MH is run on a day-to-day basis by a manager (the Manager).  The Manager is appointed by a simple majority of the shareholders and is currently a wholly owned subsidiary of LVMH, MH Management SARL.  The Manager has operational control of MH and has the discretion to manage MH as it sees fit. Diageo cannot appoint or remove the Manager without LVMH's consent. 

The powers of management of MH have largely been vested in the Manager.  Where matters have not been vested in the Manager we are told that this has been prompted by overriding provisions of French law requiring shareholder resolutions in relation to certain matters.  We understand that the residual matters which are reserved to shareholders relate essentially to the protection of minority shareholder interests rather than to the commercial operation of MH.

In addition, under the Articles of MH, a limited number of commercial matters require the prior approval of the Supervisory Council.  In all but one case, such approval is given by way of a simple majority and can therefore be given without reference to Diageo's representatives.  All members of the Supervisory Council have expertise in the spirits sector, such that there appears to be no likelihood of Diageo's minority representatives exercising material influence.

The one exception concerns substantial acquisitions representing more than 10 per cent of MH's turnover, where Diageo's consent is required.  This can be regarded as another provision which simply serves to protect the investment of the minority shareholder.

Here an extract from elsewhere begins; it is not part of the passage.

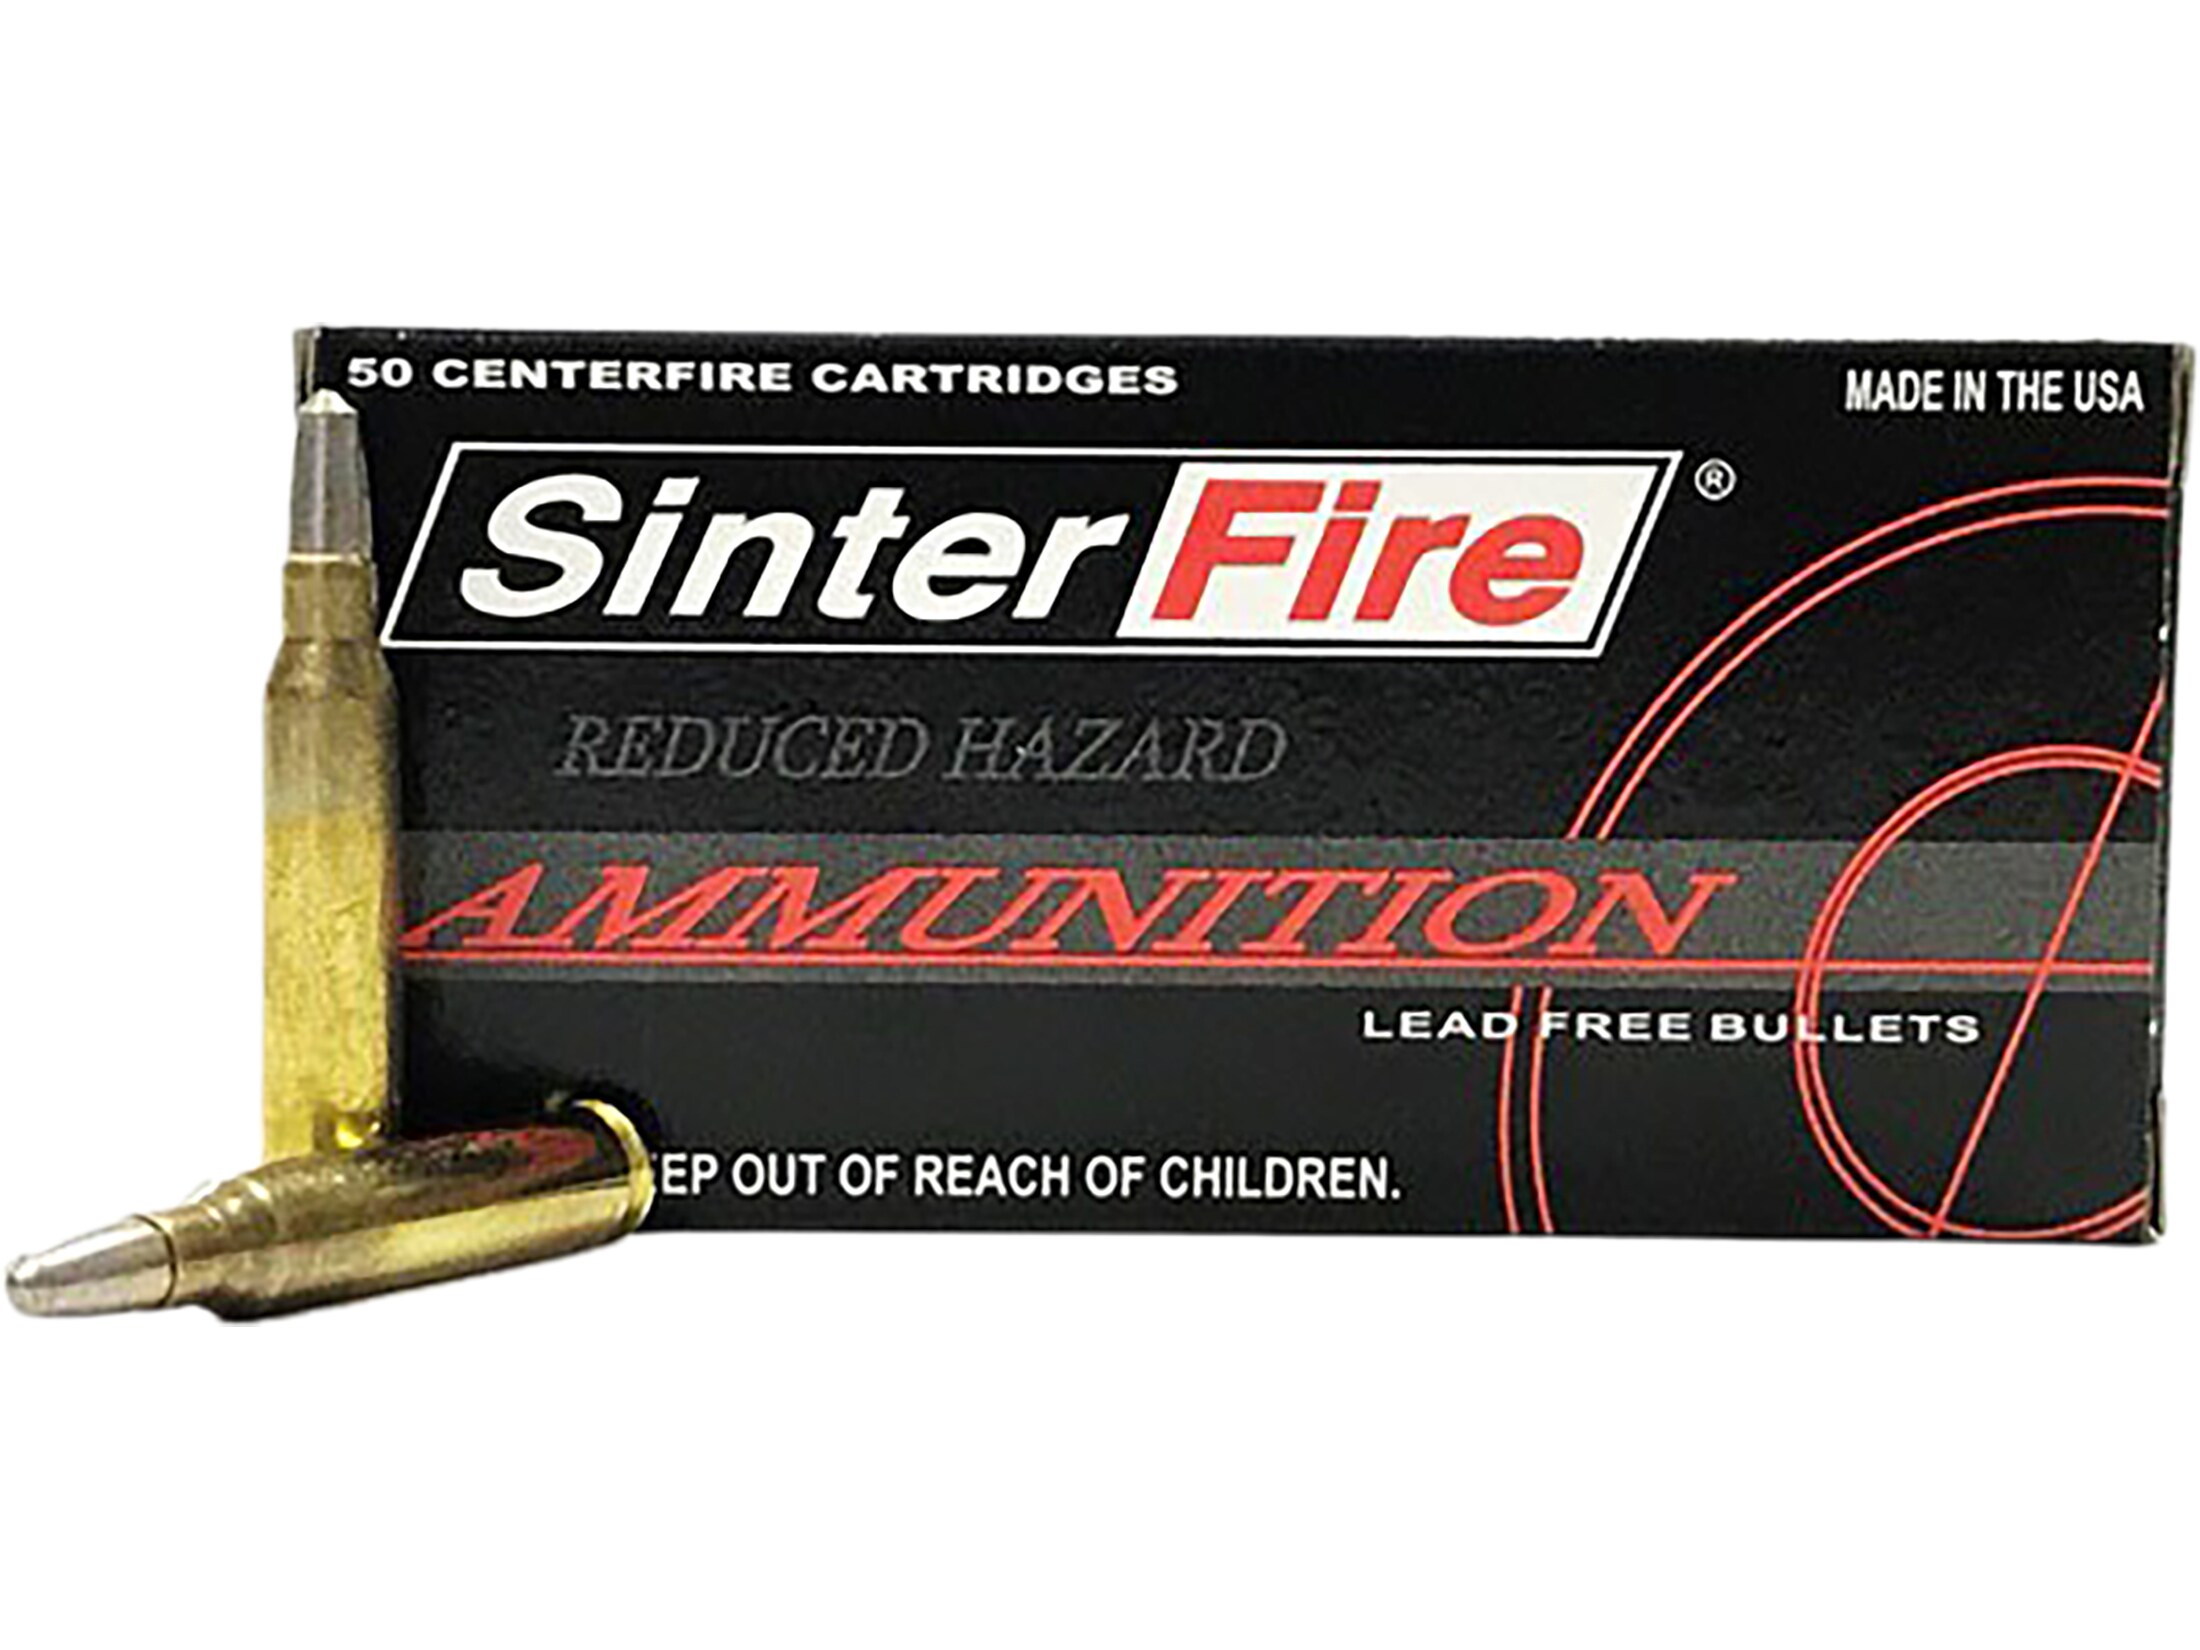 SinterFire Reduced Hazard Ammunition 223 Remington 55 Grain Frangible Round Nose Lead Free

In the light of these factors, the OFT believes that the rights that Diageo has in MH as a result of its shareholding relate only to the protection of its underlying investment rather than the determination of MH's commercial policy.


The turnover test

In the financial year to 31 December 2003 Glenmorangie had turnover in the UK of £44.35 million.  The turnover test in section 23 of the Enterprise Act 2002 (the Act) is therefore not met.

The share of supply test

On the basis that Diageo is not able to exercise material influence over the policy of MH, the anticipated acquisition does not give rise to any overlaps since LVMH has no existing interests in the whisky sector in which Glenmorangie operates.  Accordingly the share of supply test is not satisfied.   


On the basis of the information available to it, the OFT has decided that the anticipated acquisition does not qualify for investigation under the mergers provisions of the Act, because neither the UK turnover test nor the share of supply test in section 23 of the Act is met.  A relevant merger situation has, therefore, not been created.


1. On 17 November 2004 the OFT extended the initial period for consideration by ten working days, in accordance with section 97(2) of the Enterprise Act 2002.